[Aqueous]

What you think is easy is actually not easy. Any time you've added one, two, three more steps to a problem after clicking the link in the browser you've already lost. Adding repositories? Already too late. Touching the command line? Sorry, as much as we love it, for most users it's already too late. Going into Aptitude or Synaptic and pasting in the repository URL? Yep. Too late.

This is all compounded by the fact that there is no app bundle. Mac OS X has the bundle and a terrific way to install it: Drag and drop it into the Applications folder, just like we did in the days of the Mac Classic and MacPaint. It hasn't changed. (Well, it did for a while, but thankfully they went back.)

If you say, "Well, that means you end up installing 5 different versions of the same library on the same system" - Who cares? Disk space isn't a priority any more, and from a developer standpoint it makes a lot more sense to target a dependency whose version number I know, instead of a dependency whose version only the package maintainers know for sure. I don't want to be forced to target v1.3 of a library if it's only been tested (by me) on v1.2. It makes for much better application stability for the developer to be in control of dependencies and not these package maintainers.

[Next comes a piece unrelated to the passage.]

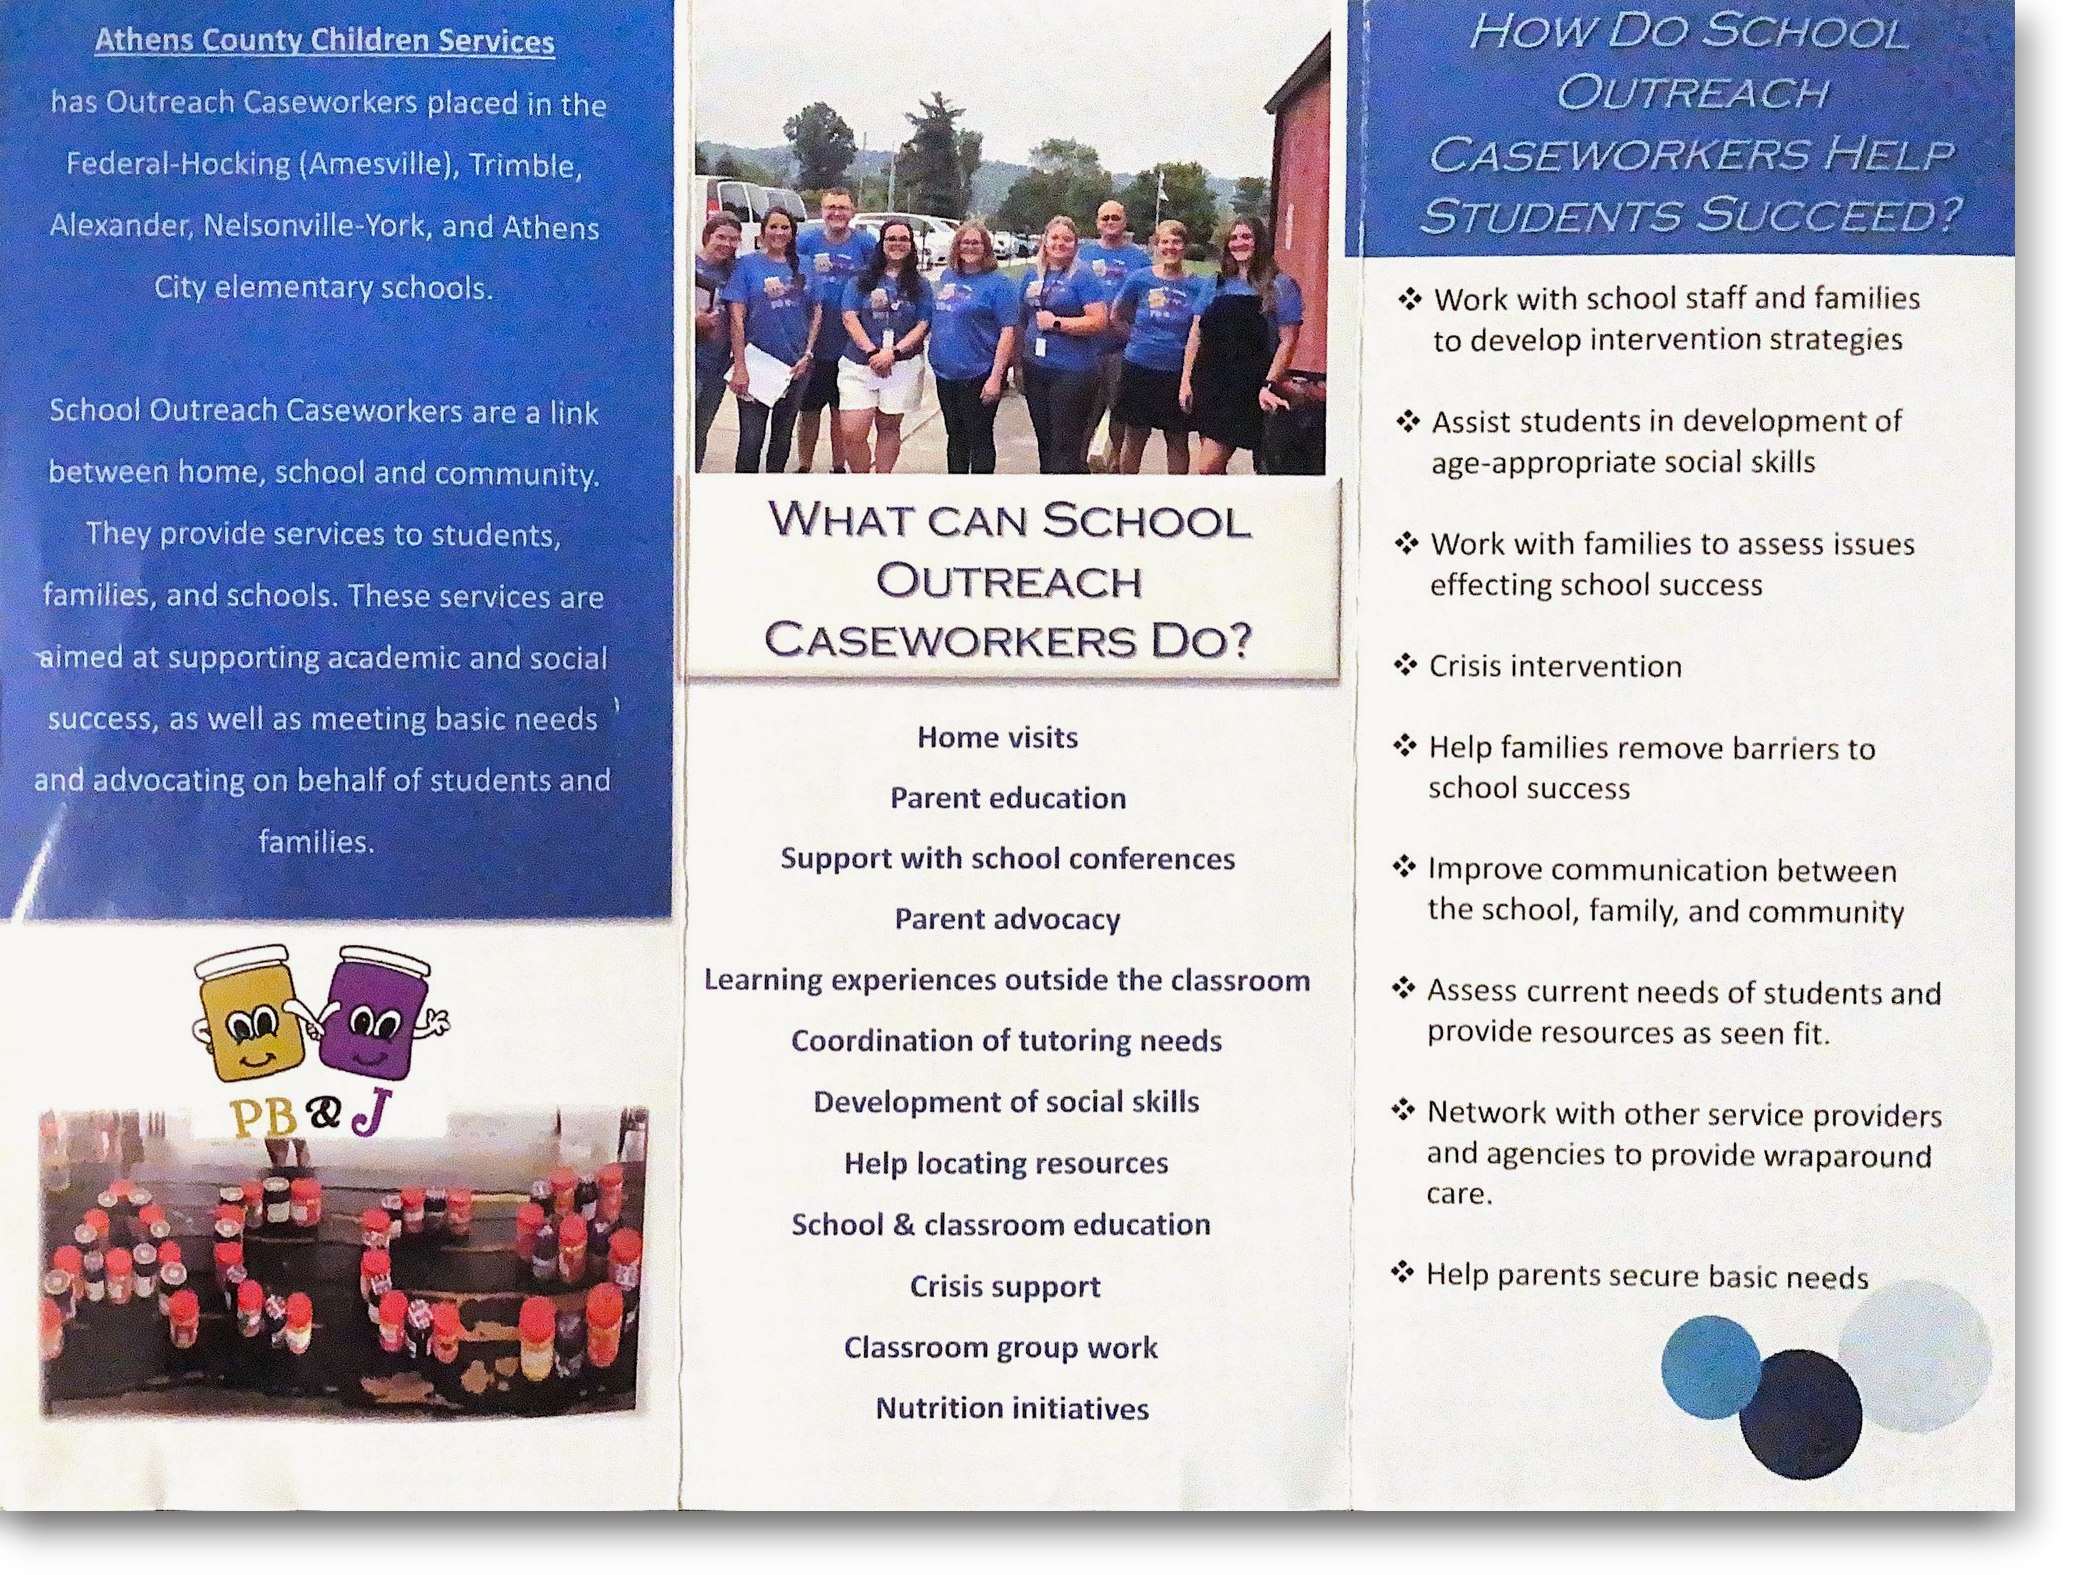 The brochure for the Athens County Children Services School Outreach Program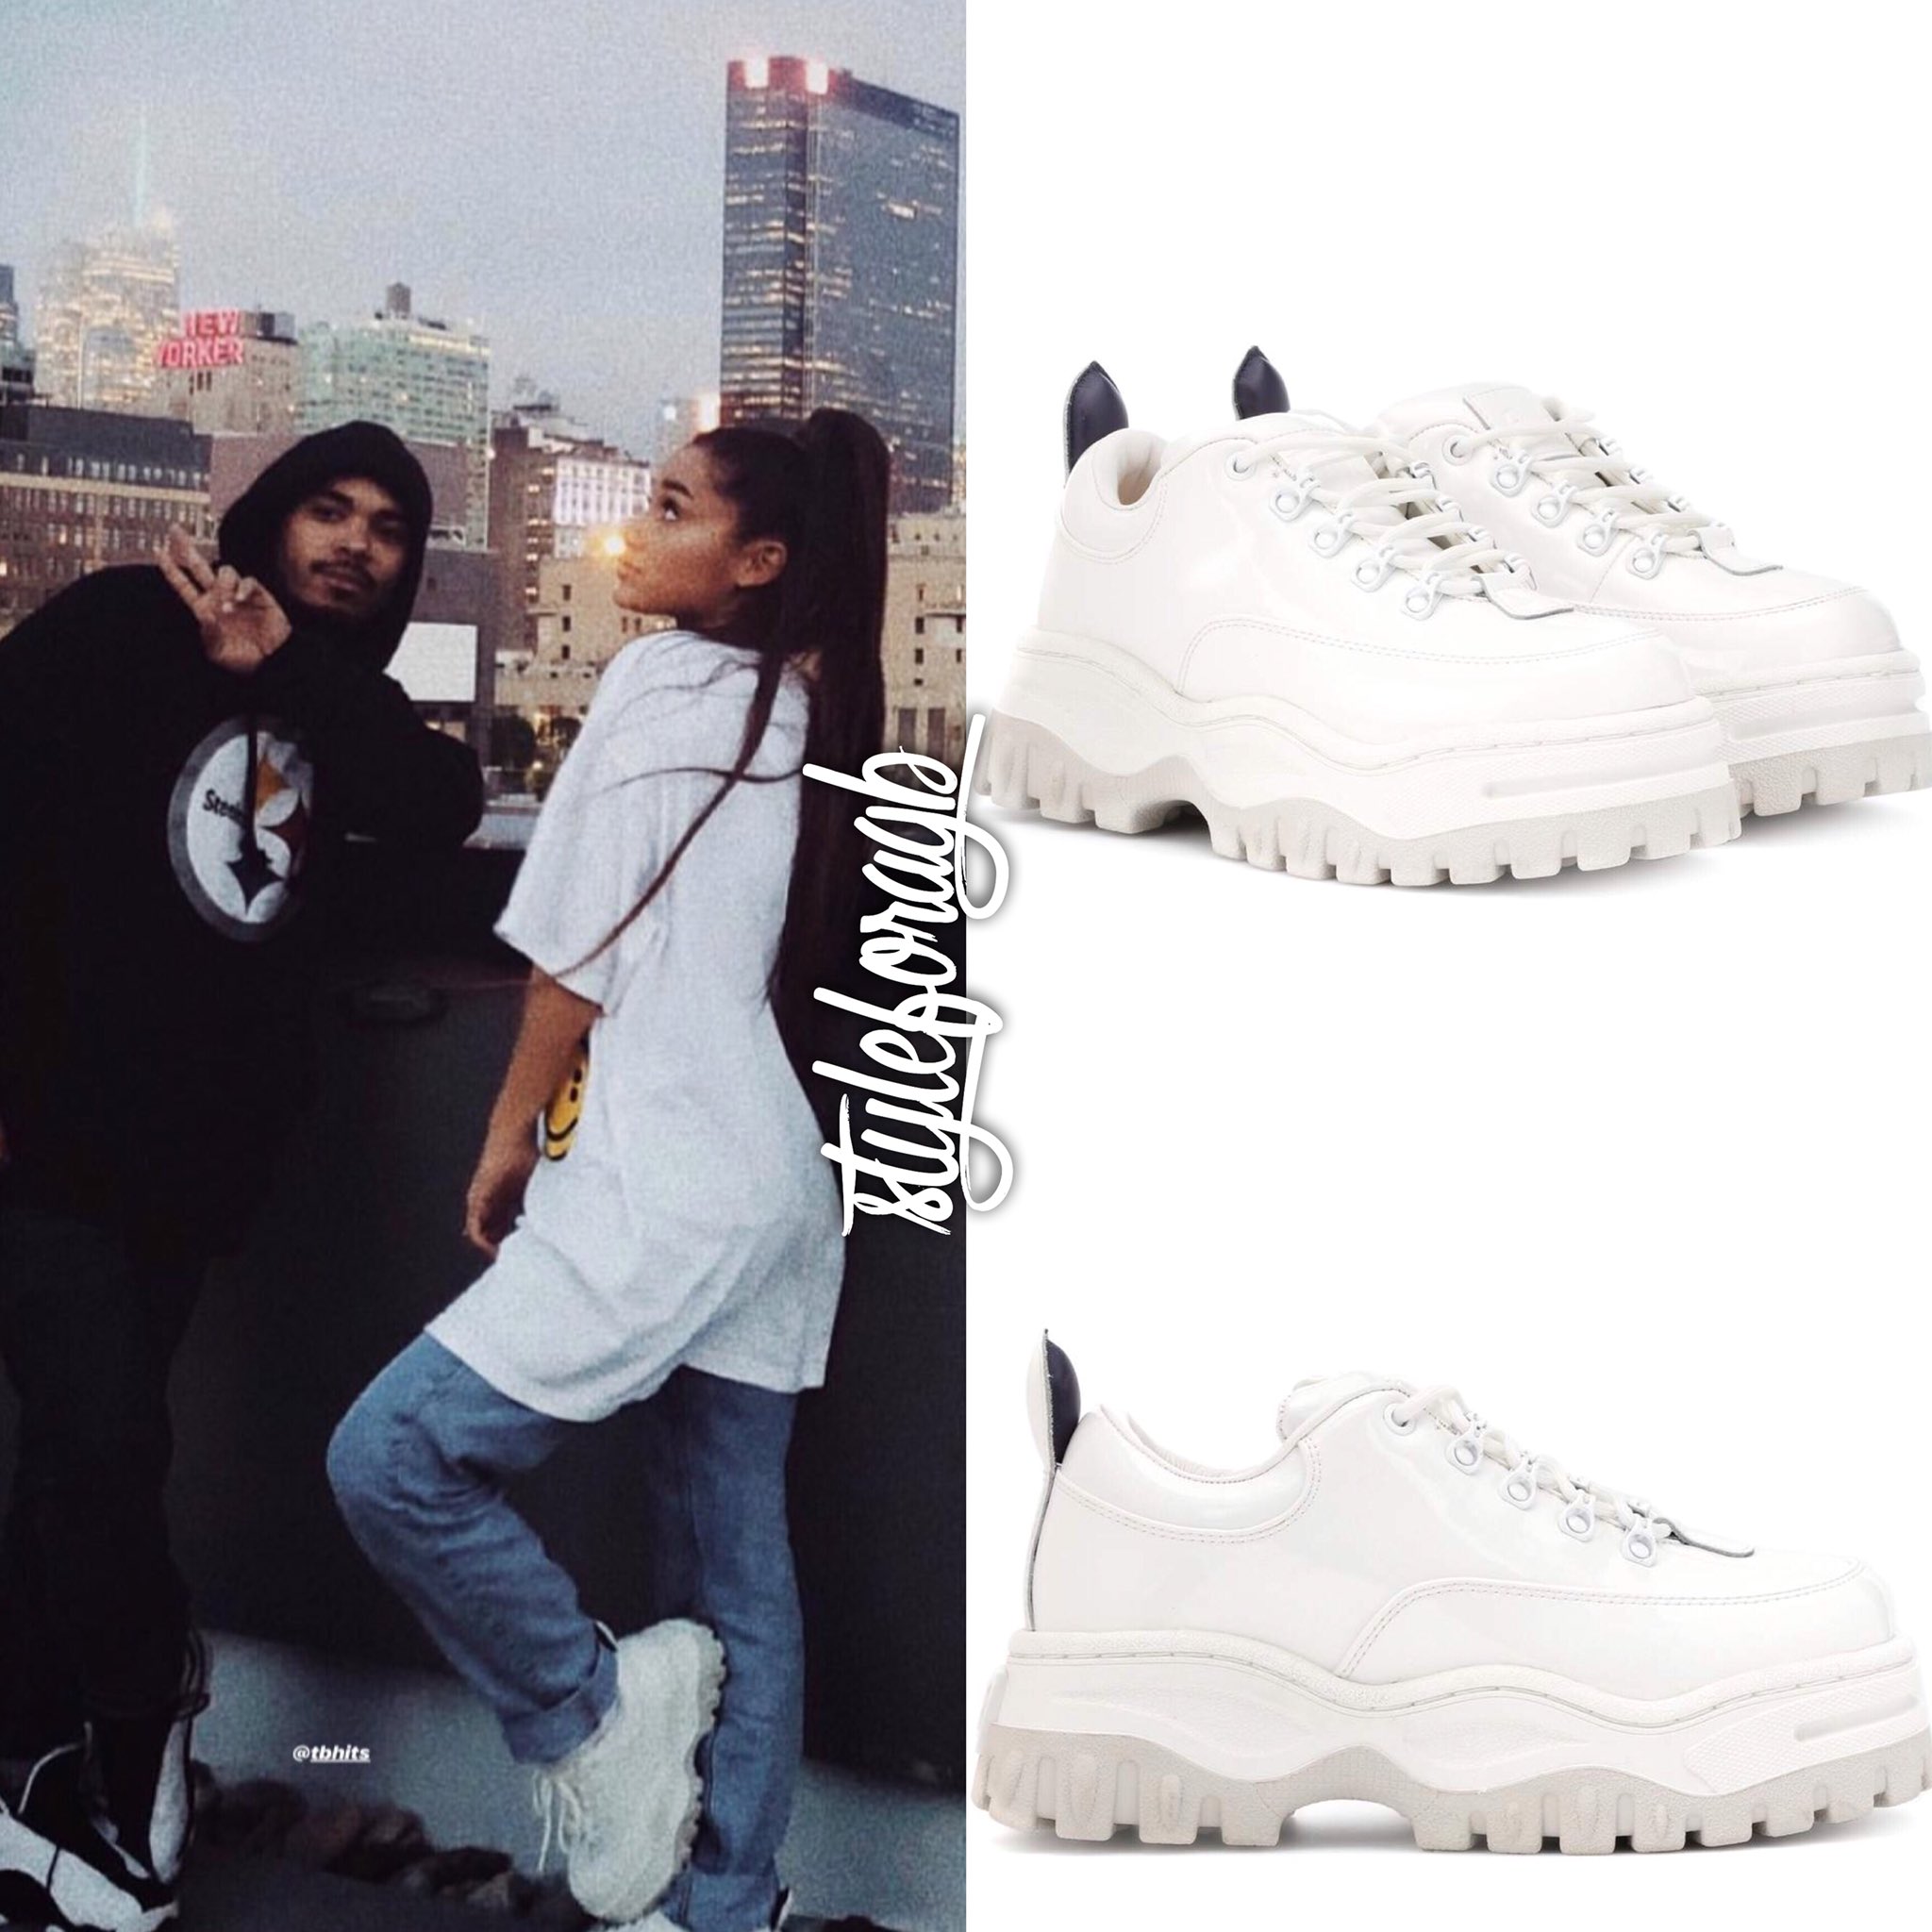 flugt notifikation Daisy Ariana Grande's closet on Twitter: "Ariana via Instagram stories | October  10th, 2018. - Wearing the Eytys Angel patent leather sneakers (£270)  https://t.co/FH8ZPfKFO5" / Twitter

I want to ship a self-contained bundle of awesomeness, not a dysfunctional shard among ten thousand other shards.

[downx3]

Some of the bloat could be dealt with by the file system. If you download a library you already have, then simply discard it - and make do with a reference.

What I'd like to see, is the possibility of having multiple versions of software and libraries residing on the OS with ease.

I think these problems are surmountable.

[tikhonj]

Maybe the experience is different on other systems, but on Fedora with KDE there already is no friction to installing random stuff. If I want to install, say, Google Chrome, which is not in the normal repositories, all I have to do is download the package and open it. A nice GUI program then takes care of the rest for me automatically; the main differences from installing a program on Windows is that it then updates automatically and I have to enter my password.

So really, there is less friction than on OS X--I don't have to drag anything anywhere! In fact, on Firefox, I just download the package and it figures out to open it with the right program automatically. And then it just works.

Of course, if a program is in the repositories it's even easier, but that's a different story...

[drdaeman]

> Adding repositories? Already too late. Touching the command line?

Nope. As simple as clicking a link with special URL scheme, like `apt+hXXp://archive.canonical.com?package=acroread?dist=feisty?section=commercial`

> This is all compounded by the fact that there is no app bundle.

I'm all for the bundles (which single-app repositories, actually, are!), but I want them to be non-monolithic (i.e. contain multiple separate packages).

I don't care about disk space — if I'm that constrainted with disk space that's probably another story that'll probably never happen to most ordinary users, having terabytes of storage. But I certainly care about bugs, and if libXYZ 1.2 has a critical one, I want my system to be free of that version ASAP.

And I don't care that you've never tested your awesome app with 1.3 — it's better to be possibly unstable than certainly unstable or, far worse, vulnerable.

[Aqueous]

What makes package maintainers uniquely qualified to patch dependencies and upgrade them? Either we say Canonical or Red Hat hires the best possible people to watch over their package repositories or we say that a qualified application developer could do just as well. Either way we end up having to trust somebody.

Both package maintainers and developers have an interest make sure their programs don't introduce vulnerabilities into the system. Therefore if there's a serious problem with one of their dependencies vulnerability patching will happen either way.

The distribution maintainers should be in charge of maintaining a core set of low-level dependencies that are needed by many applications. Beyond that they should leave the dependency management to the application developers. Seriously. That would free up so many millions of man-hours of work for say, Canonical, that they could actually make the core system usable to the average user.

[dubya]

"And I don't care that you've never tested your awesome app with 1.3 — it's better to be possibly unstable than certainly unstable or, far worse, vulnerable." Not all library bugs affect all programs though. If you change a library and break things, then the user usually has to wait for the maintainers to fix it, even if the programs would not have exposed the vulnerability. I am thinking of something like a program that uses libPNG to load included images that might break because libPNG has been changed because malicious images could cause a buffer overflow.

[icebraining]

This is all compounded by the fact that there is no app bundle.

A "collection" type for installing multiple packages transparently would be nice, but I have to point out that nothing prevents you from doing the exact same thing that you do on Mac OS X, which is to distribute the .so libraries in the same package as the application, or even compile it statically.